**Data section**
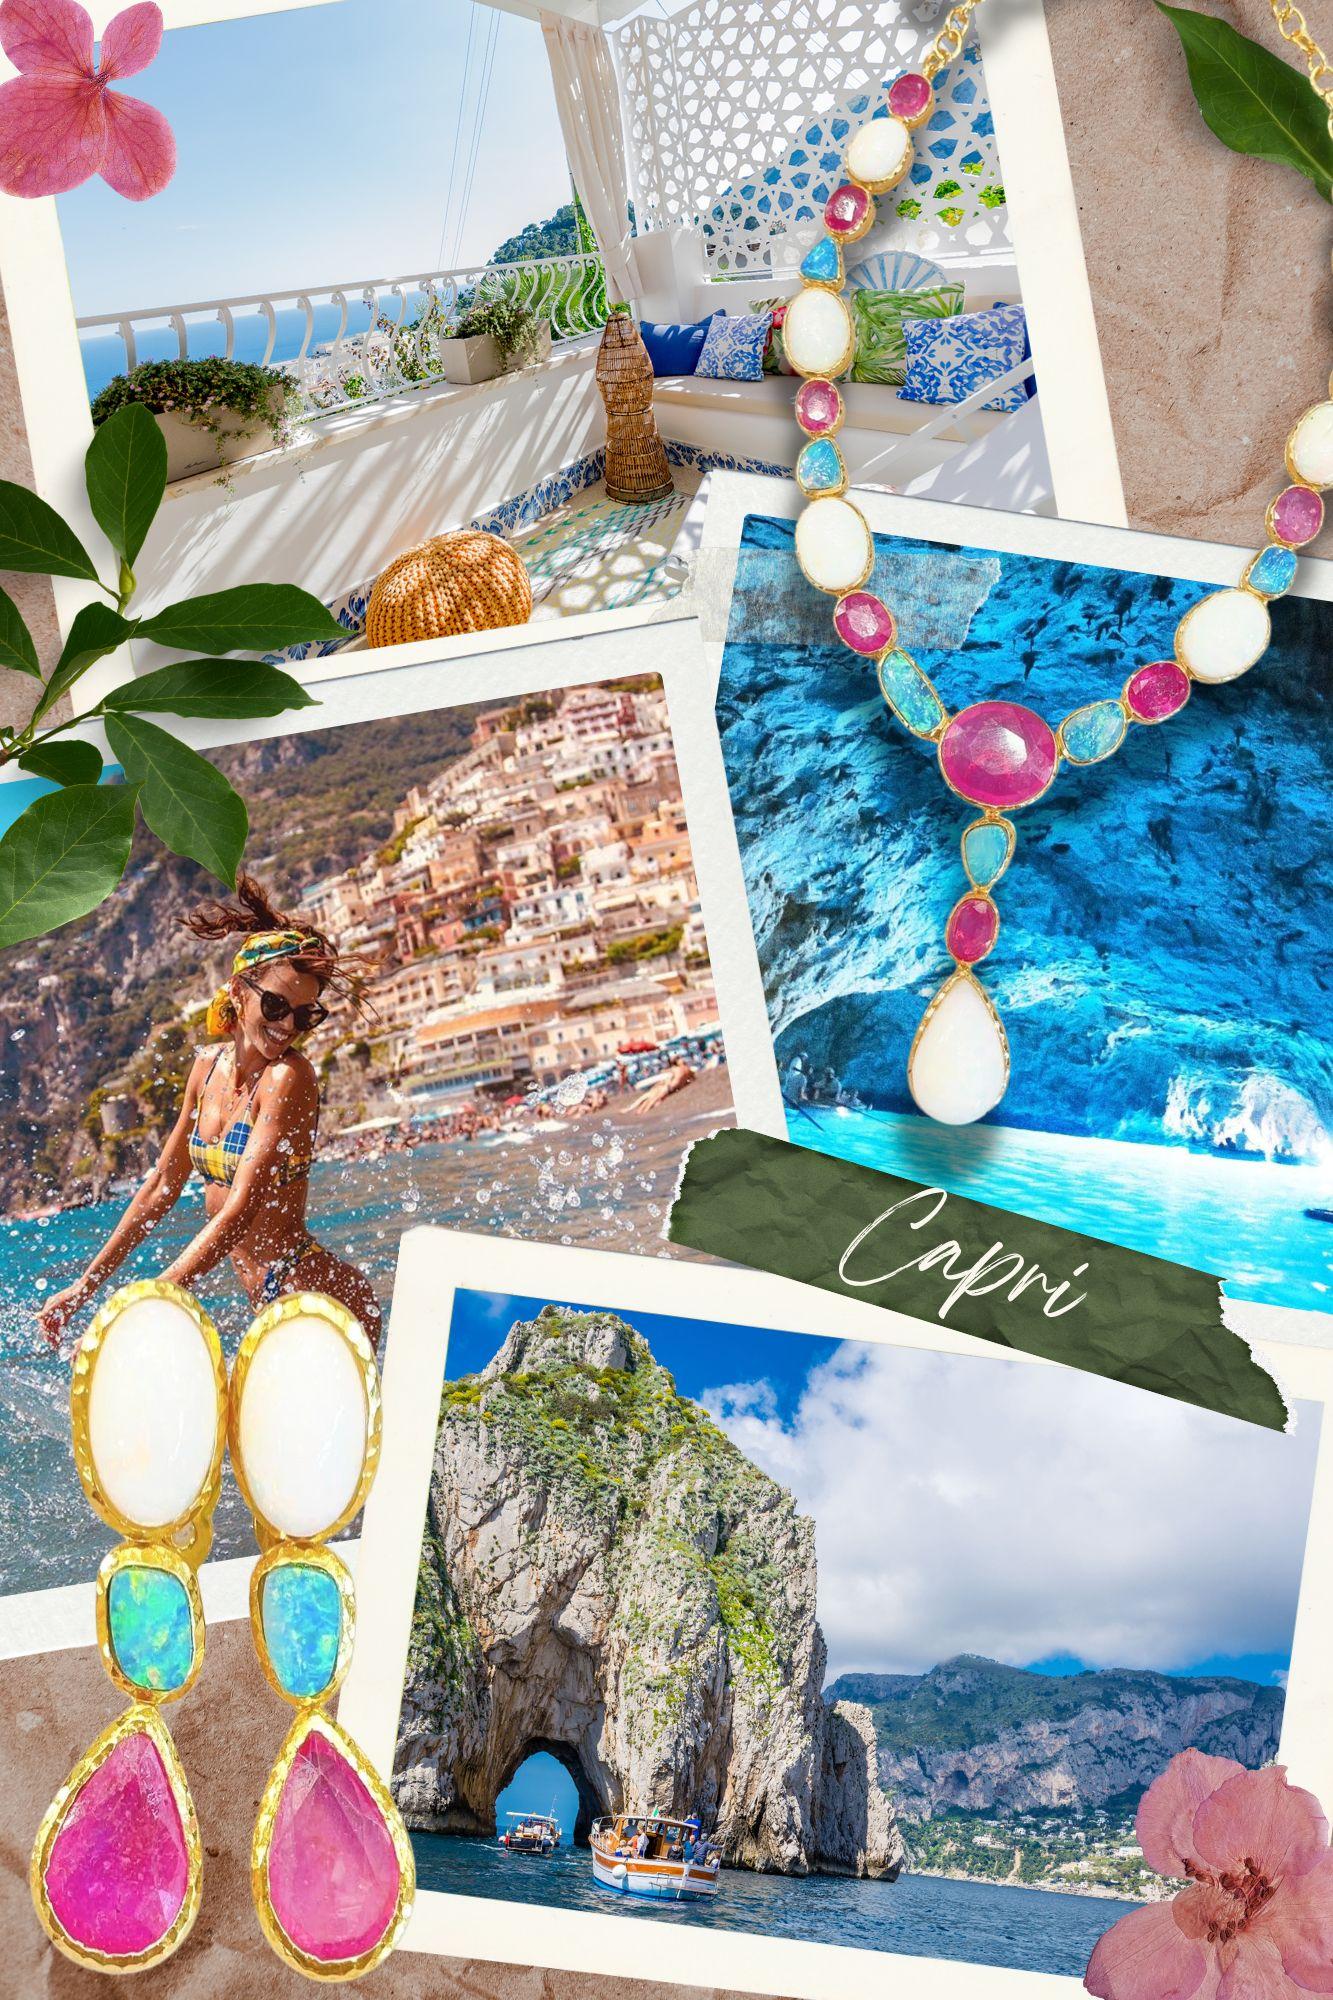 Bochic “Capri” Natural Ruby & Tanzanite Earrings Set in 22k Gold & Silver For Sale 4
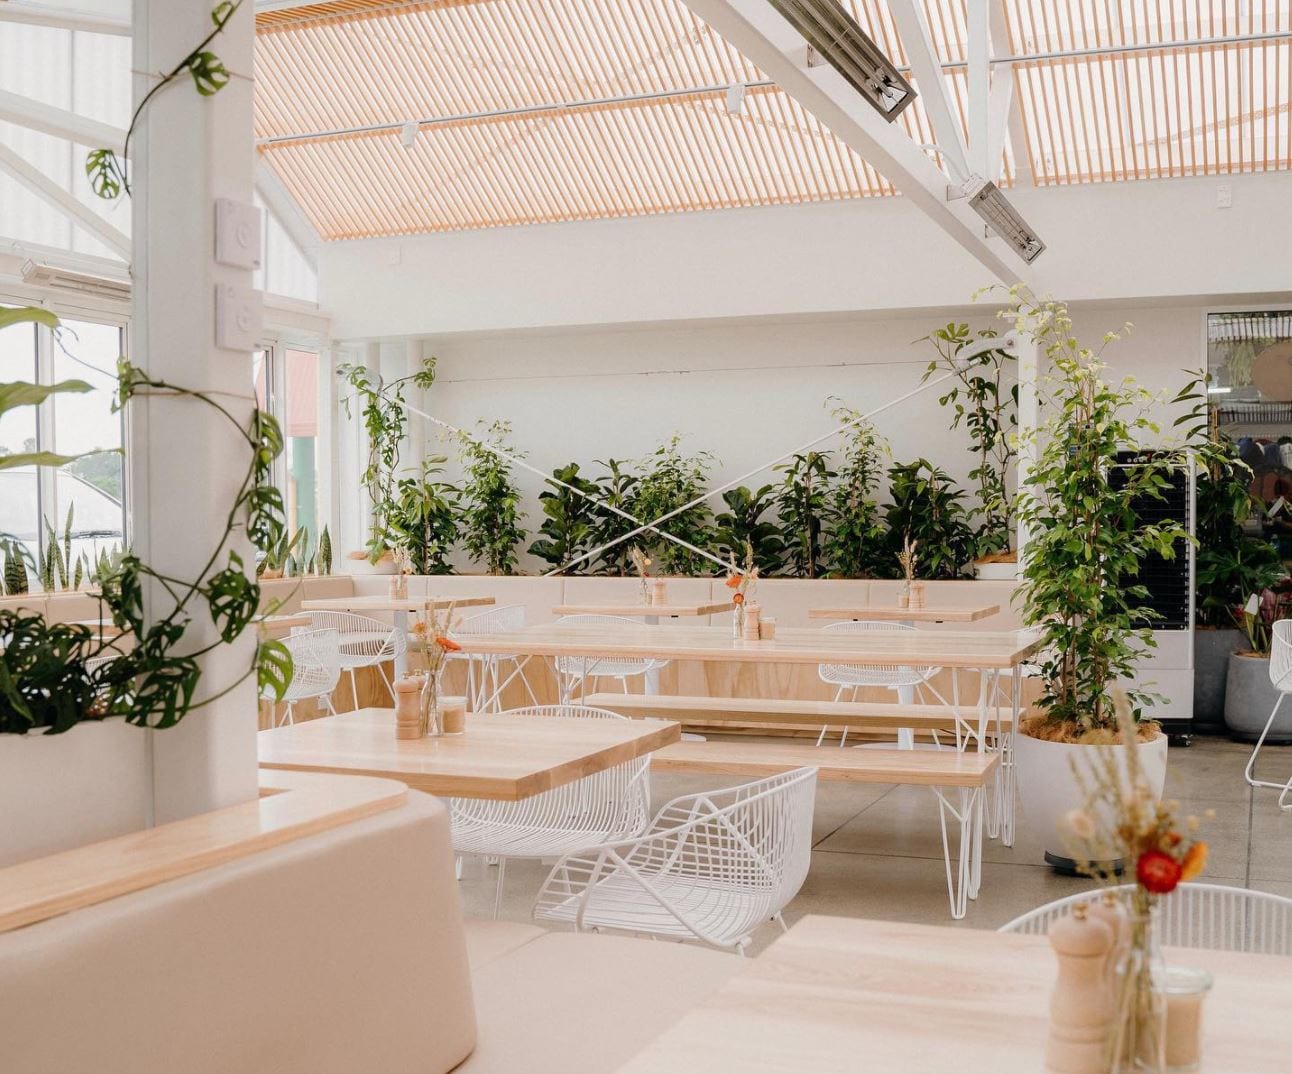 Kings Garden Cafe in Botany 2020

* * *

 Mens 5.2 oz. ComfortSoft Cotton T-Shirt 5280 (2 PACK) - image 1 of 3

==

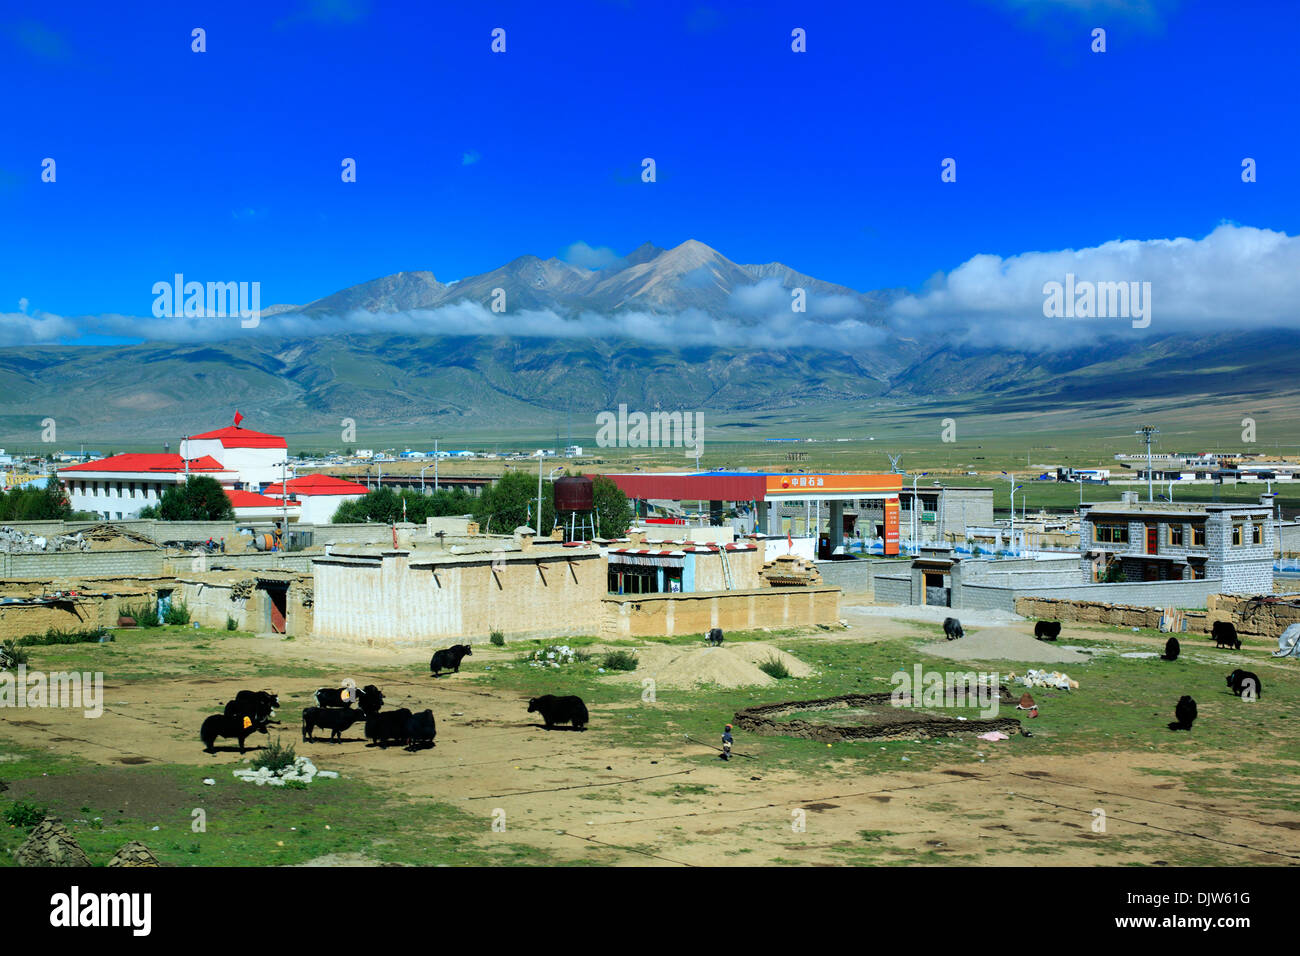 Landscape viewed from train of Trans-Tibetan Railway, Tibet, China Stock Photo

**What you should do**
If a picture sits between the line containing "Silver For Sale 4" and the line containing "Kings Garden Cafe in Botany 2020", leave it out, and return the lines of that range above exactly, both ends included.

**Result of the task**
 Bochic “Capri” Natural Ruby & Tanzanite Earrings Set in 22k Gold & Silver For Sale 4
 Kings Garden Cafe in Botany 2020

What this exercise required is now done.